The Stochastic Diffusion Search (SDS) was developed as a solution to the best-fit search problem. Thus, as a special case it is capable of solving the transform invariant pattern recognition problem. SDS is efficient and, although inherently probabilistic, produces very reliable solutions in widely ranging search conditions. However, to date a systematic formal investigation of its properties has not been carried out. This thesis addresses this problem. The thesis reports results pertaining to the global convergence of SDS as well as characterising its time complexity. However, the main emphasis of the work, reports on the resource allocation aspect of the Stochastic Diffusion Search operations. The thesis introduces a novel model of the algorithm, generalising an Ehrenfest Urn Model from statistical physics. This approach makes it possible to obtain a thorough characterisation of the response of the algorithm in terms of the parameters describing the search conditions in case of a unique best-fit pattern in the search space. This model is further generalised in order to account for different search conditions: two solutions in the search space and search for a unique solution in a noisy search space. Also an approximate solution in the case of two alternative solutions is proposed and compared with predictions of the extended Ehrenfest Urn model. The analysis performed enabled a quantitative characterisation of the Stochastic Diffusion Search in terms of exploration and exploitation of the search space. It appeared that SDS is biased towards the latter mode of operation. This novel perspective on the Stochastic Diffusion Search lead to an investigation of extensions of the standard SDS, which would strike a different balance between these two modes of search space processing.

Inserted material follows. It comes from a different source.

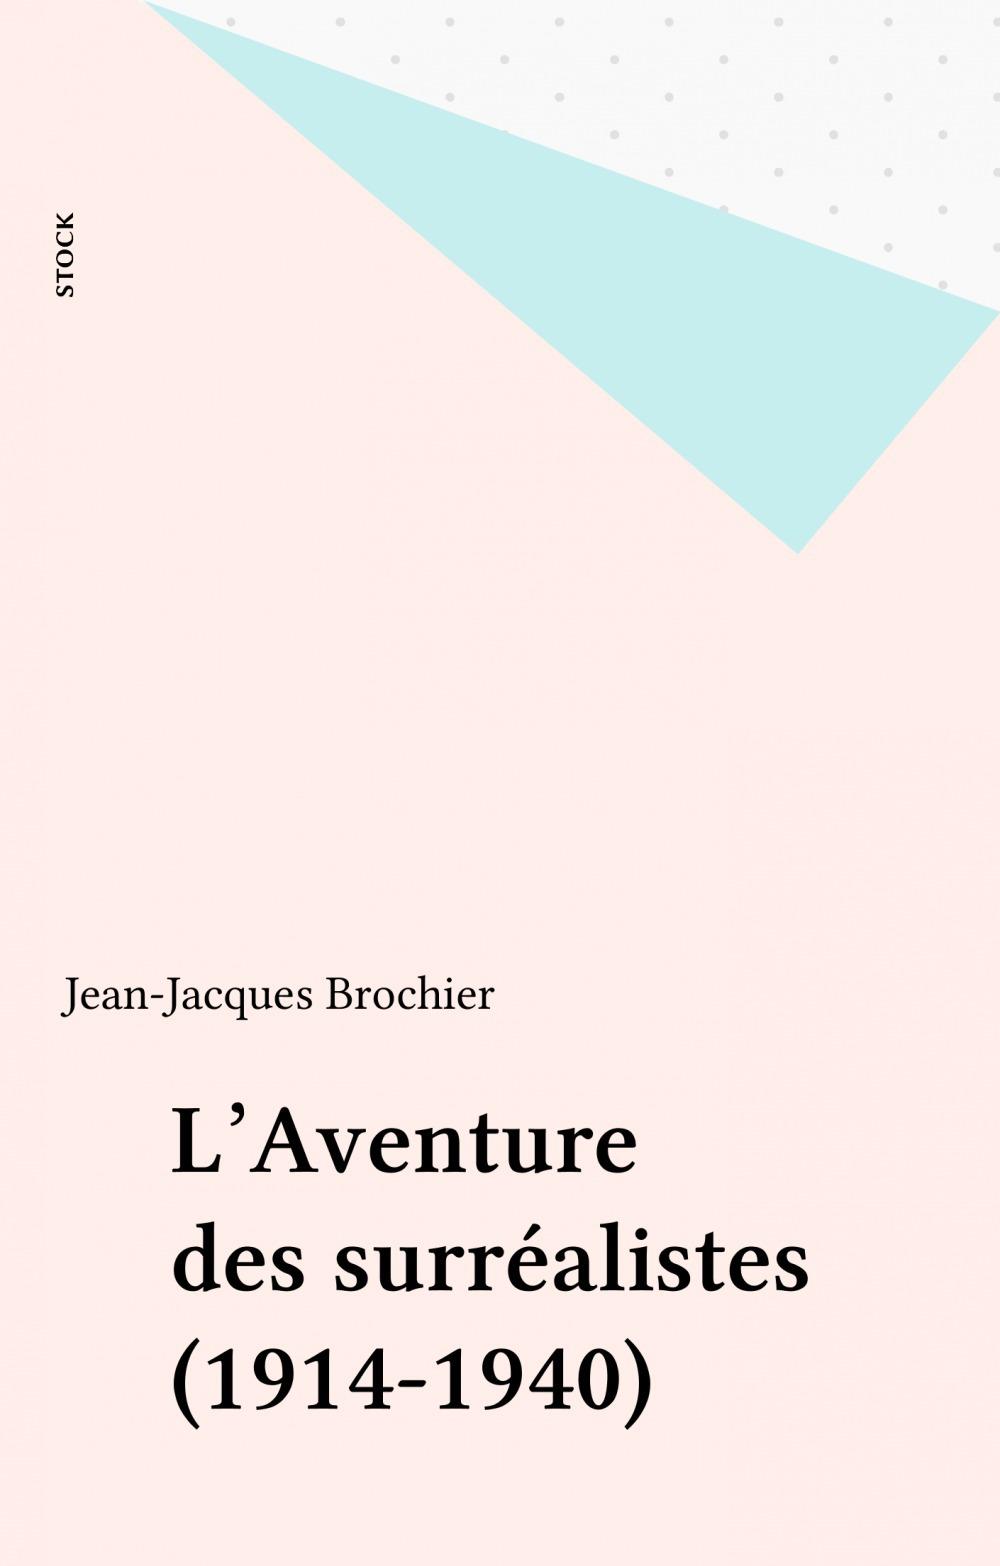 L'Aventure des surréalistes (1914-1940)
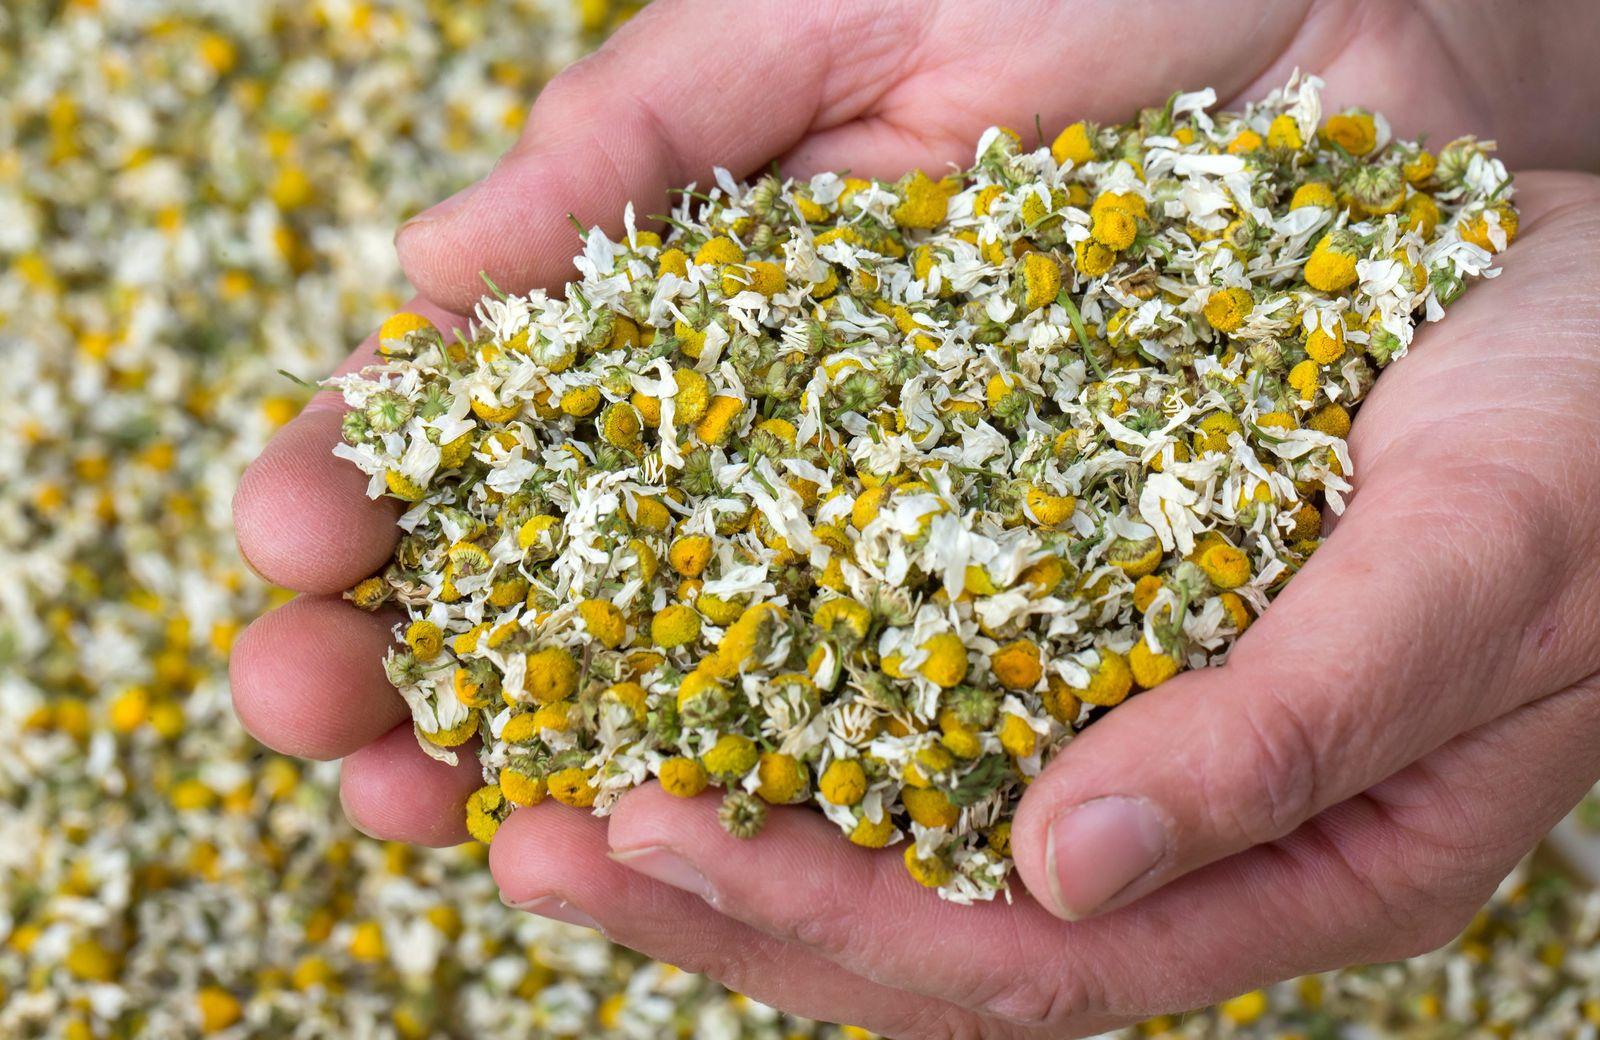 Arzneimittelpflanzen / Kamille

Thus, two novel algorithms were derived from the standard Stochastic Diffusion Search, ‘context-free’ and ‘context-sensitive’ SDS, and their properties were analysed with respect to resource allocation. It appeared that they shared some of the desired features of their predecessor but also possessed some properties not present in the classic SDS. The theory developed in the thesis was illustrated throughout with carefully chosen simulations of a best-fit search for a string pattern, a simple but representative domain, enabling careful control of search conditions.

Convergence analysis of stochastic diffusion search

In this paper we present a connectionist searching technique - the Stochastic Diffusion Search (SDS), capable of rapidly locating a specified pattern in a noisy search space. In operation SDS finds the position of the pre-specified pattern or if it does not exist - its best instantiation in the search space. This is achieved via parallel exploration of the whole search space by an ensemble of agents searching in a competitive cooperative manner. We prove mathematically the convergence of stochastic diffusion search. SDS converges to a statistical equilibrium when it locates the best instantiation of the object in the search space. Experiments presented in this paper indicate the high robustness of SDS and show good scalability with problem size. The convergence characteristic of SDS makes it a fully adaptive algorithm and suggests applications in dynamically changing environments.

Small-world effects in lattice stochastic diffusion search

Stochastic Diffusion Search is an efficient probabilistic bestfit search technique, capable of transformation invariant pattern matching. Although inherently parallel in operation it is difficult to implement efficiently in hardware as it requires full inter-agent connectivity. This paper describes a lattice implementation, which, while qualitatively retaining the properties of the original algorithm, restricts connectivity, enabling simpler implementation on parallel hardware. Diffusion times are examined for different network topologies, ranging from ordered lattices, over small-world networks to random graphs.